Oil hovered near a one-year low on Wednesday as increasing concerns over U.S. economic health and the Federal Reserve largely offset positive supply-side signals from a bigger-than-expected draw in crude inventories. A growing number of Wall Street banks warned of a potential recession in 2023, especially if interest rates keep rising and if inflation proves to be stickier than expected. Strong U.S. economic data this week suggested that upward pressure on inflation is likely to persist in the near-term, a trend that could invite even more hawkish moves by the Federal Reserve. Brent oil futures fell 0.3% to $79.51 a barrel, while West Texas Intermediate crude futures sank 0.1% to $74.16 a barrel in early Asian trade. Both contracts plummeted to a one-year low on Tuesday. While the Fed is expected to hike rates by a relatively smaller 50 basis points next week, it has warned that rates could peak at much higher levels if inflation continues to trend higher.

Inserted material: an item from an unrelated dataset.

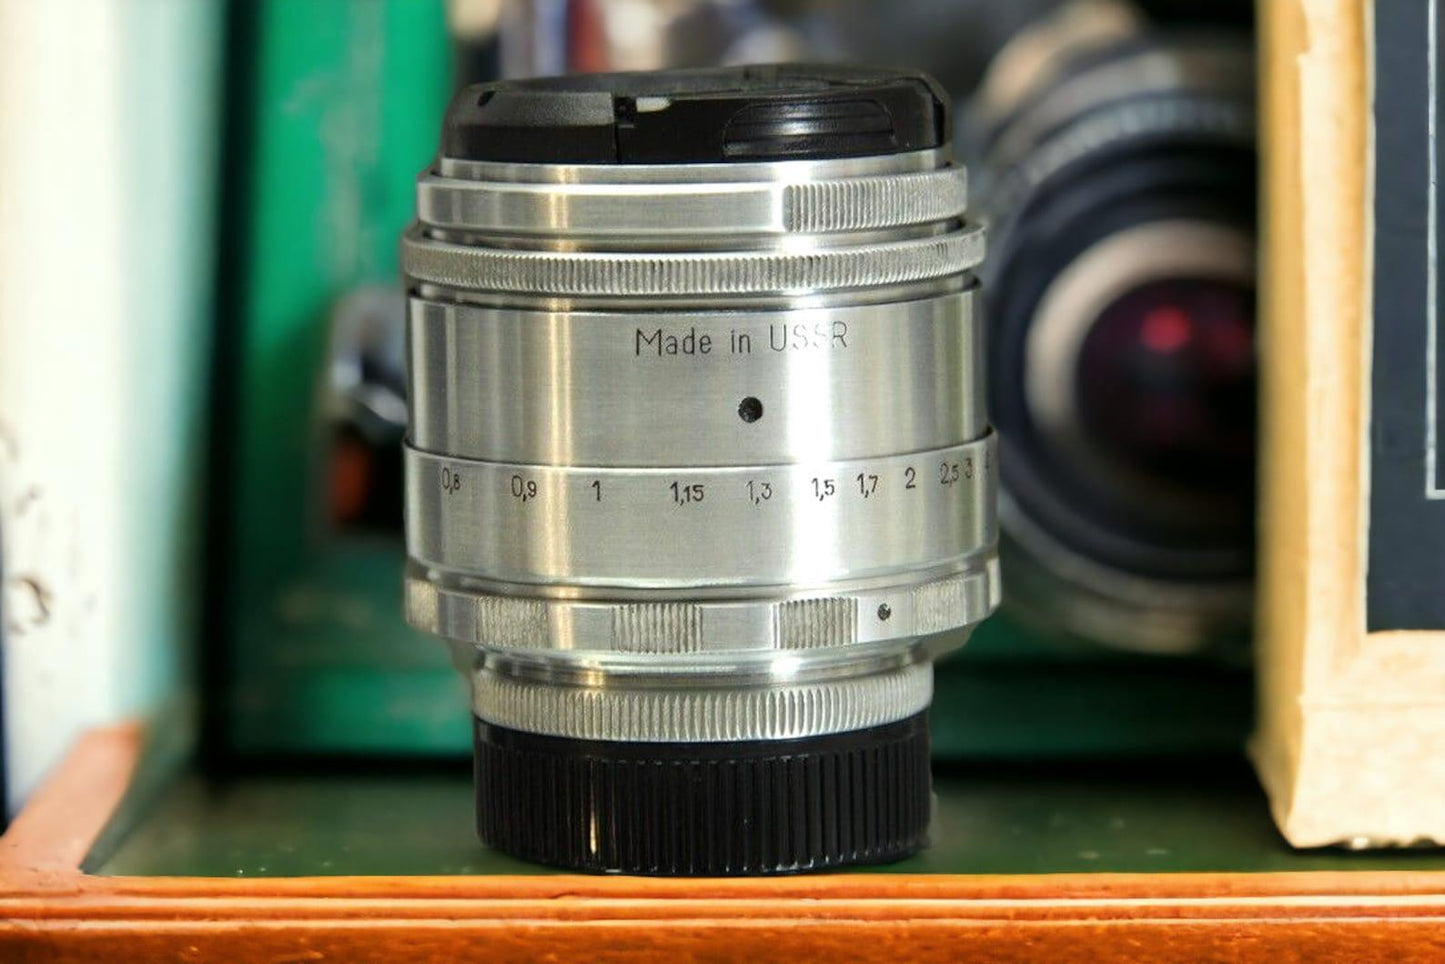 Anamorphic Lens Helios 44-2 58mm Wine Mod Silver with any adaptor on your choice.

Rising U.S. interest rates weighed heavily on oil markets this year as liquidity dried up and as traders feared slowing demand due to tighter monetary conditions.

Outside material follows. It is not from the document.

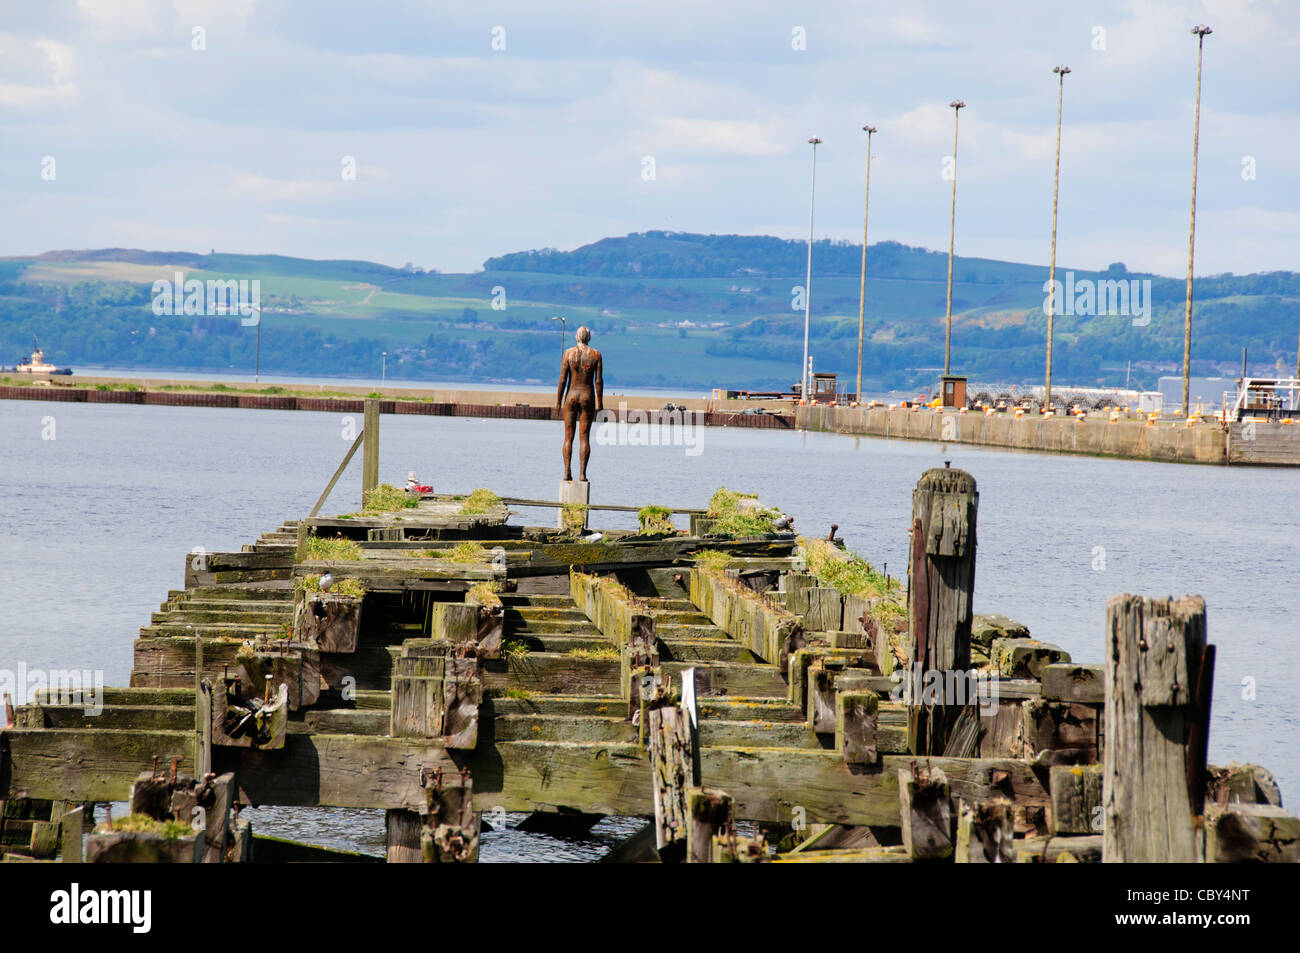 Leith harbour,Home To North Sea oil Vessels,Rigs,Manufacturing,Bonded Warehouses,Container Shipping,Edinburgh,Leith,Scotland Stock Photo

Oil Markets Largely Looked Past industry Data Indicating.
a bigger-than-expected draw in U.S. oil inventories last week. While crude stockpiles fell, a sustained increase in product inventories, particularly gasoline, indicated that retail demand for fuel remained weak in the world’s largest oil consumer. Government data due later in the day is expected to show U.S. inventories shrank by 3.3 million barrels last week, compared to a bumper 12.6 million barrel drawdown seen in the last week of November. Focus this week is also on U.S. producer inflation data for November, which is set to provide more cues on the path of inflation in the country. Any signs that inflation remained high through the past month are likely to trigger more volatility in crude markets. The dollar extended its recovery into a second session, also adding to the pressure on oil. Crude markets started the week on a soft note after the Organization of Petroleum Exporting Countries and allies kept production steady during their last meeting for the year. But crude supplies could still tighten further if Russia cuts production in response to new Western curbs and a price cap on its oil exports. More signs of an economic reopening in China, the world’s largest crude importer, could also benefit markets with the prospect of improving demand. Several Chinese cities have scaled back anti-COVID measures in response to growing public ire against the government’s economically disruptive zero-COVID policy.